Mailing-List: contact hdfs-issues-help@hadoop.apache.org; run by ezmlm
Precedence: bulk
Date: Tue, 17 Jan 2017 22:17:26 +0000 (UTC)
From: "Andrew Wang (JIRA)" <jira@apache.org>
To: hdfs-issues@hadoop.apache.org
Message-ID: <JIRA.13031631.1483440361000.33077.1484691446667@Atlassian.JIRA>
In-Reply-To: <JIRA.13031631.1483440361000@Atlassian.JIRA>
References: <JIRA.13031631.1483440361000@Atlassian.JIRA> <JIRA.13031631.1483440361885@jira-lw-us.apache.org>
Subject: [jira] [Commented] (HDFS-11285) Dead DataNodes keep a long time in
 (Dead, DECOMMISSION_INPROGRESS), and never transition to (Dead,
 DECOMMISSIONED)
MIME-Version: 1.0
Content-Type: text/plain; charset=utf-8
Content-Transfer-Encoding: 7bit
archived-at: Tue, 17 Jan 2017 22:17:37 -0000


    [ https://issues.apache.org/jira/browse/HDFS-11285?page=com.atlassian.jira.plugin.system.issuetabpanels:comment-tabpanel&focusedCommentId=15826934#comment-15826934 ] 

Andrew Wang commented on HDFS-11285:
------------------------------------

Yea, this has been a long standing issue in HDFS. This typically happens because some app is slowly writing data to an HDFS file, like Flume or HBase. In these apps, there's typically some way of closing the current file and write to a new one.
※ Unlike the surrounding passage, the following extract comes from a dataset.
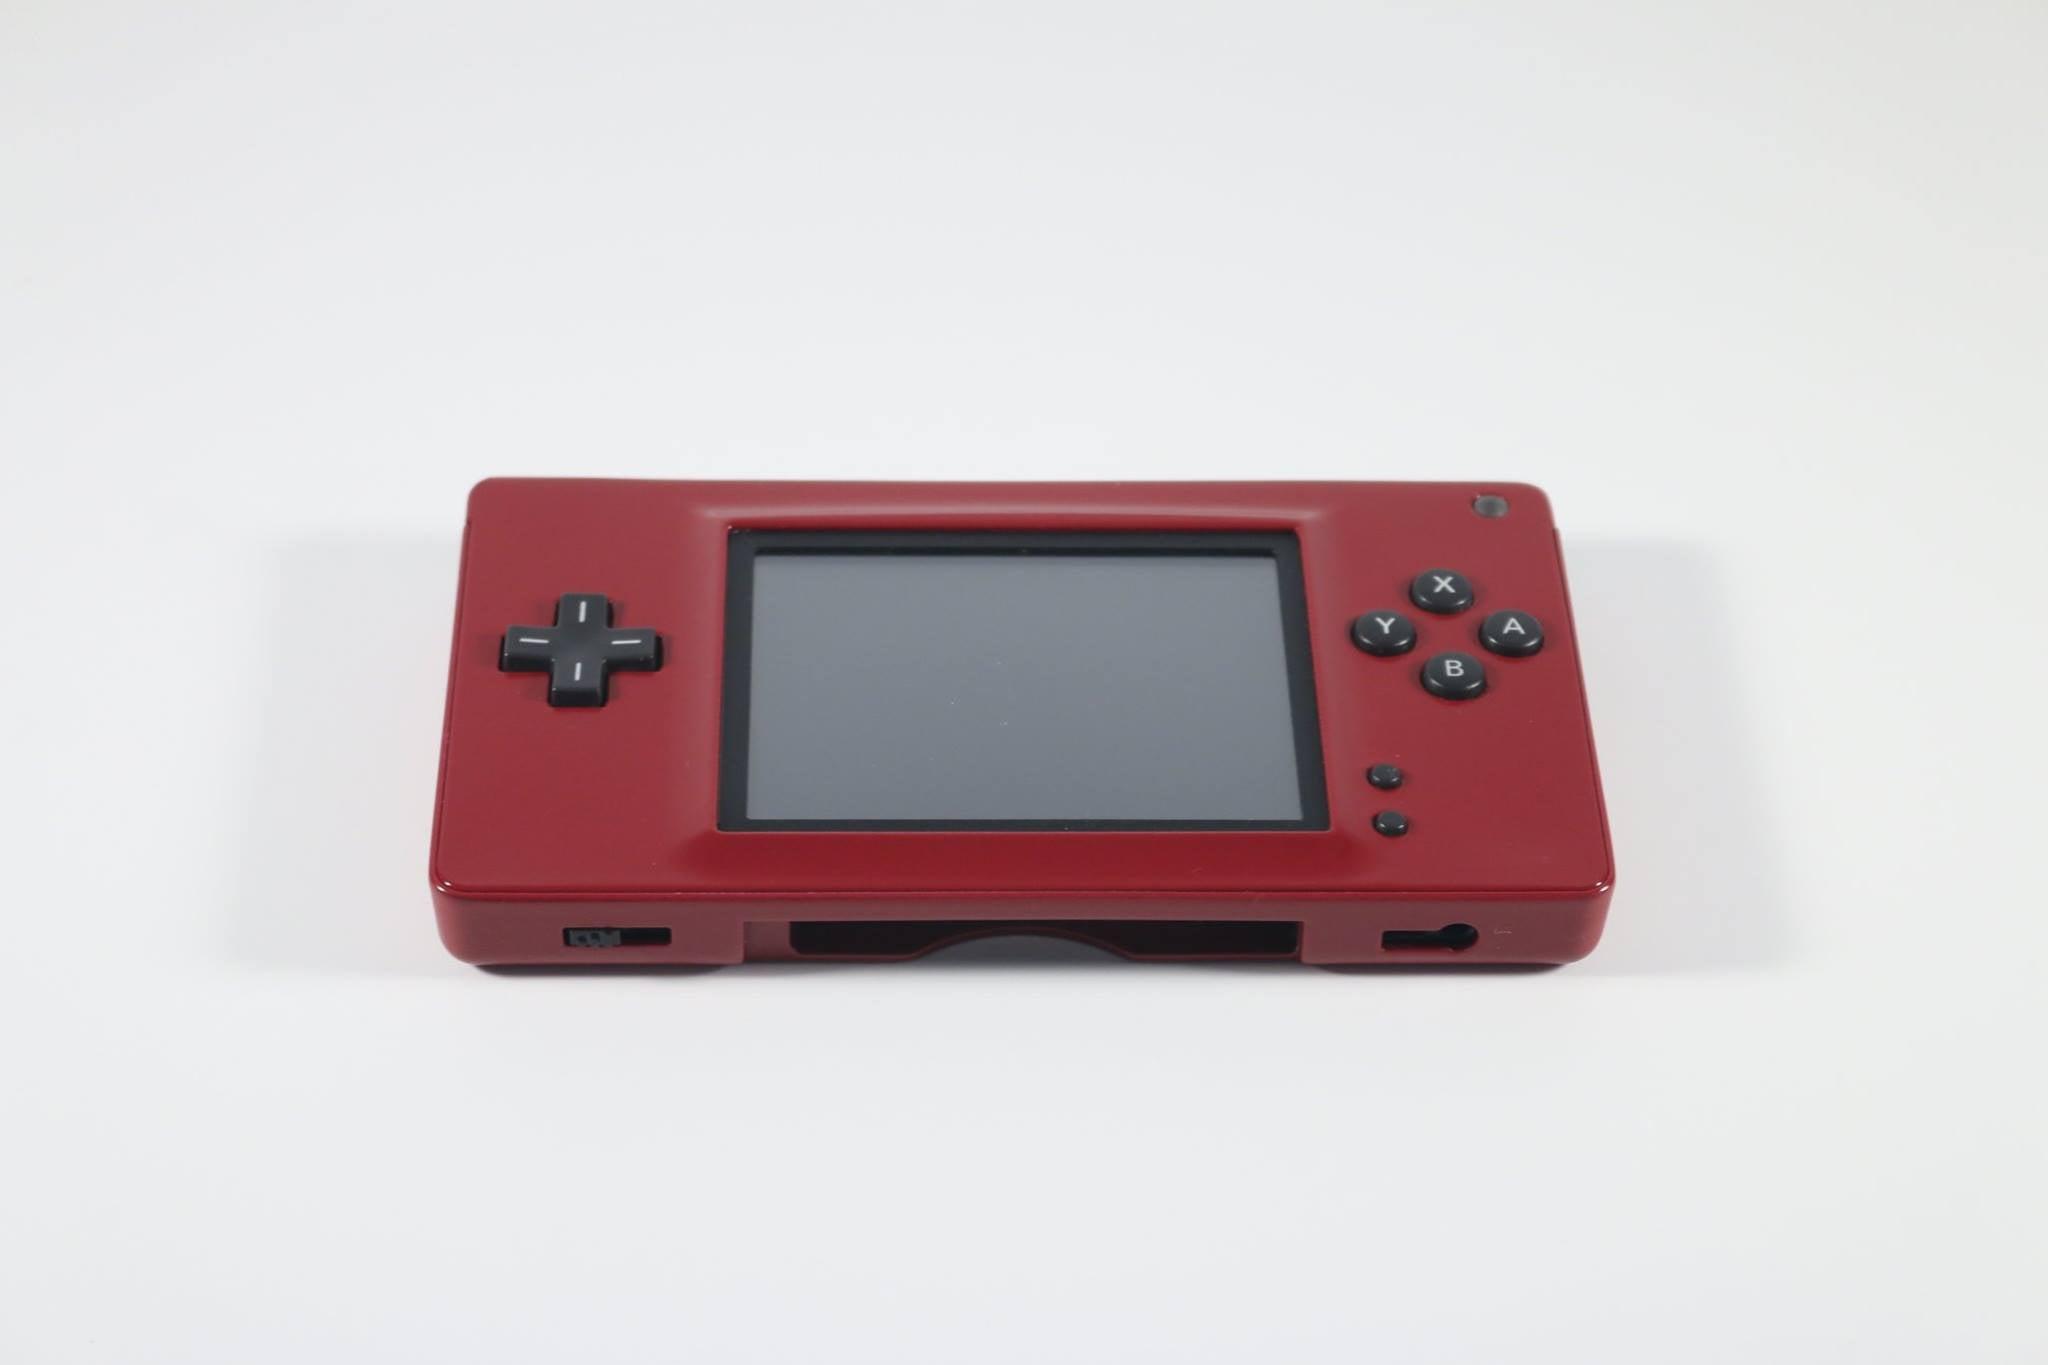 The Game Boy Macro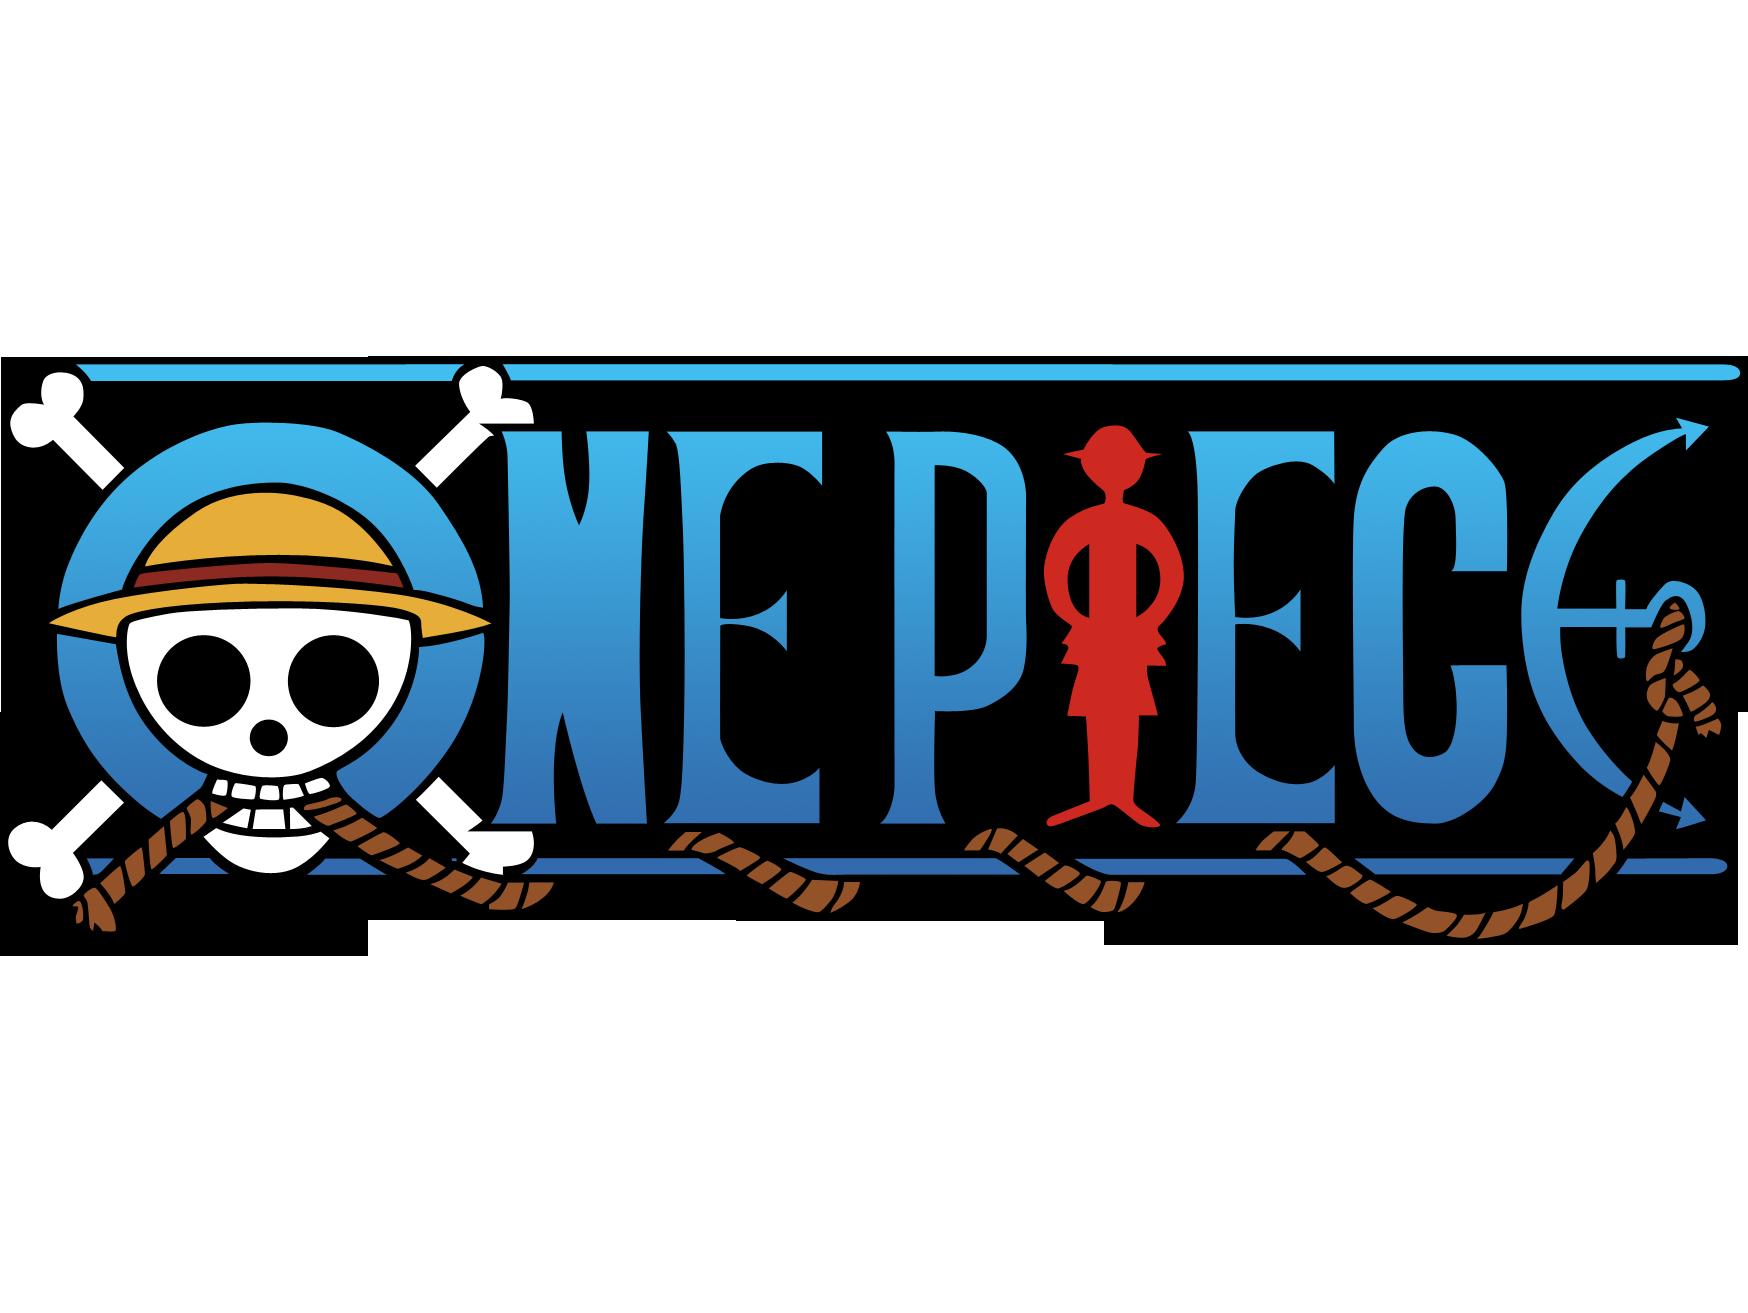 One Piece Logo Logospike Com Famous And Free Vector Logos Desain Logo Gambar Stiker

Based on your output, the write pipeline has also been reduced to a single DN. We have some pipeline replacement policies that might help here, e.g. {{dfs.client.block.write.replace-datanode-on-failure.enable}} and {{dfs.client.block.write.replace-datanode-on-failure.policy}}.

Finally, finding the app that is writing this file can be difficult. A heavy handed method is looking at fsck -files -blocks -locations. I remember Kihwal was also working on a patch to dump the leases on the NN.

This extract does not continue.